Is there a role for carbohydrate restriction in the treatment and prevention of cancer

26 Oct 2011-Nutrition & Metabolism (BioMed Central)-Vol. 8, Iss: 1, pp 75-75

TL;DR: The possible beneficial effects of low CHO diets on cancer prevention and treatment are addressed, with emphasis on the role of insulin and IGF1 signaling in tumorigenesis as well as altered dietary needs of cancer patients.
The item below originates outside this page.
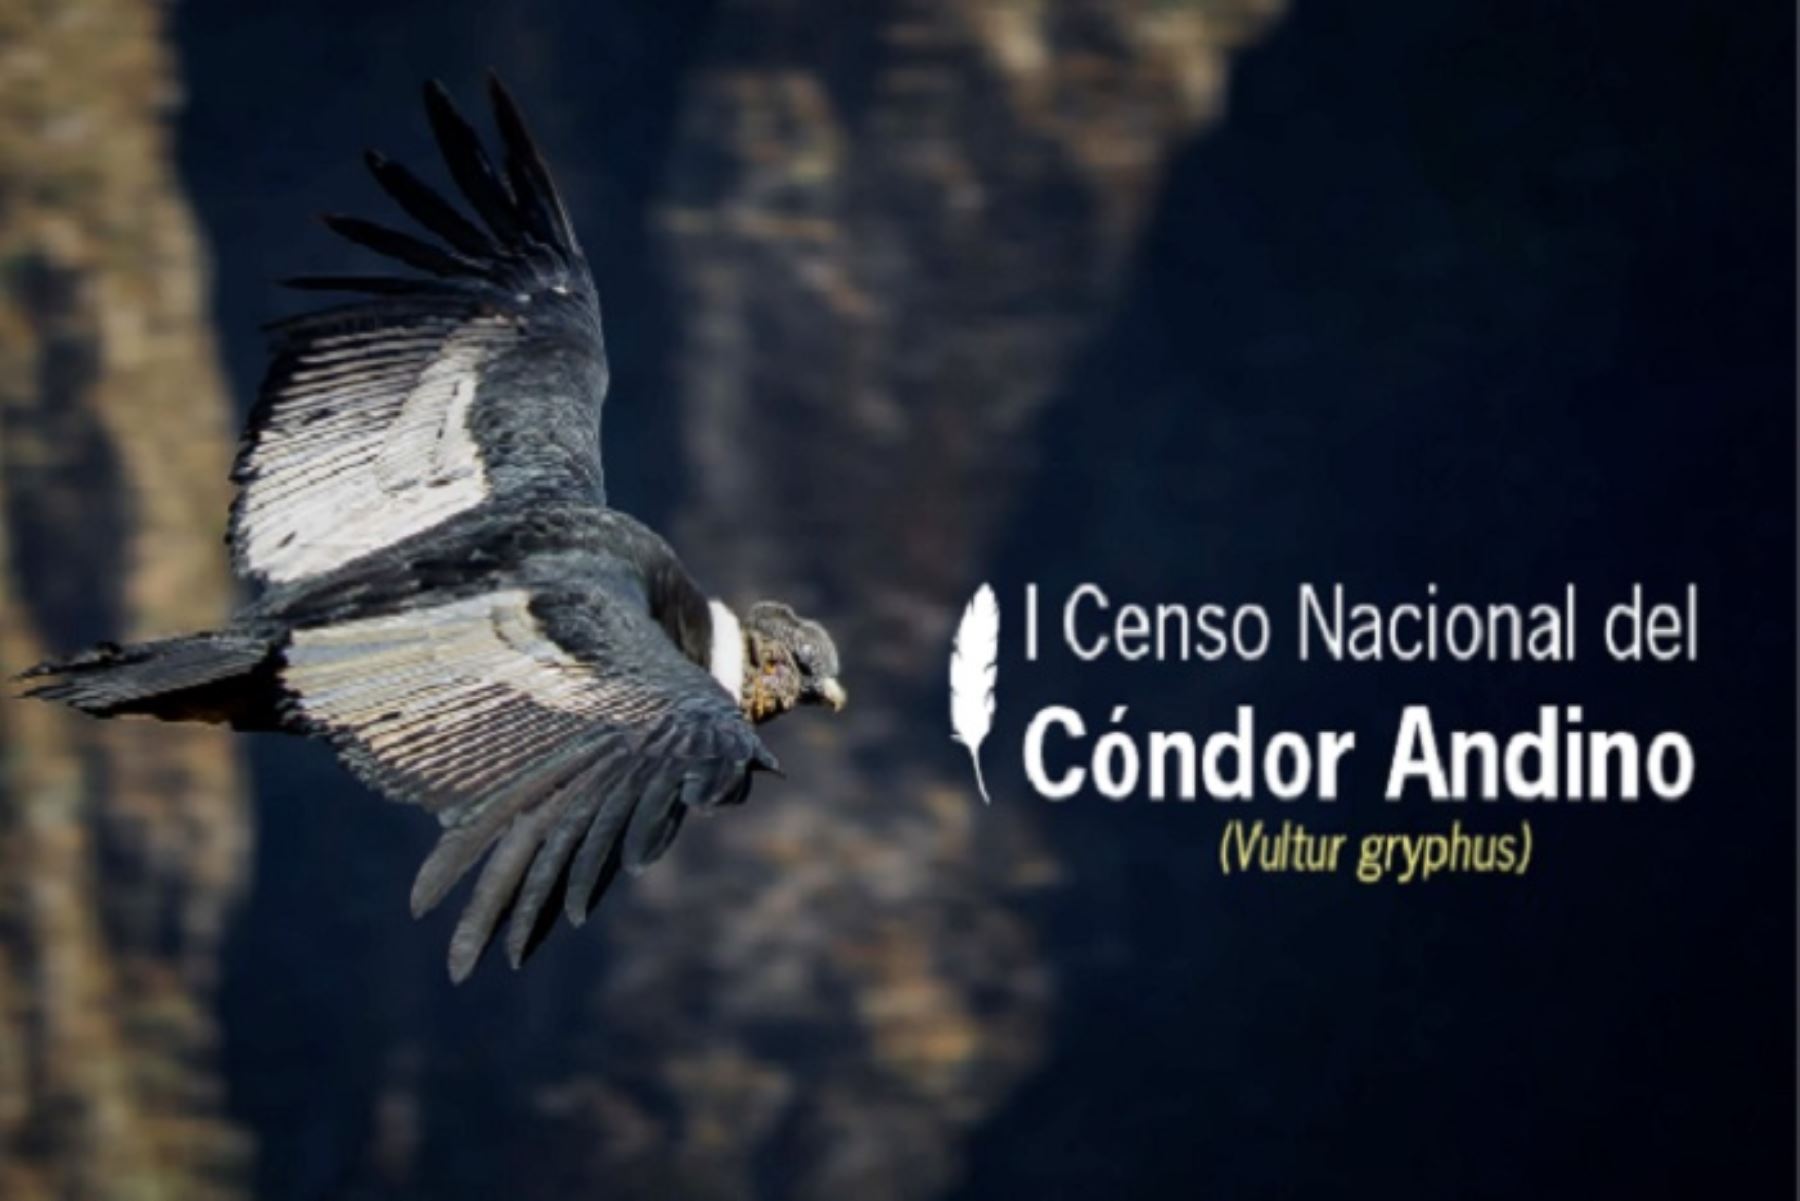 I Censo Nacional del Cóndor Andino: Cusco y Arequipa definen zonas de observación

AbstractOver the last years, evidence has accumulated suggesting that by systematically reducing the amount of dietary carbohydrates (CHOs) one could suppress, or at least delay, the emergence of cancer, and that proliferation of already existing tumor cells could be slowed down. This hypothesis is supported by the association between modern chronic diseases like the metabolic syndrome and the risk of developing or dying from cancer. CHOs or glucose, to which more complex carbohydrates are ultimately digested, can have direct and indirect effects on tumor cell proliferation: first, contrary to normal cells, most malignant cells depend on steady glucose availability in the blood for their energy and biomass generating demands and are not able to metabolize significant amounts of fatty acids or ketone bodies due to mitochondrial dysfunction. Second, high insulin and insulin-like growth factor (IGF)-1 levels resulting from chronic ingestion of CHO-rich Western diet meals, can directly promote tumor cell proliferation via the insulin/IGF1 signaling pathway. Third, ketone bodies that are elevated when insulin and blood glucose levels are low, have been found to negatively affect proliferation of different malignant cells in vitro or not to be usable by tumor cells for metabolic demands, and a multitude of mouse models have shown antitumorigenic properties of very low CHO ketogenic diets. In addition, many cancer patients exhibit an altered glucose metabolism characterized by insulin resistance and may profit from an increased protein and fat intake. In this review, we address the possible beneficial effects of low CHO diets on cancer prevention and treatment. Emphasis will be placed on the role of insulin and IGF1 signaling in tumorigenesis as well as altered dietary needs of cancer patients.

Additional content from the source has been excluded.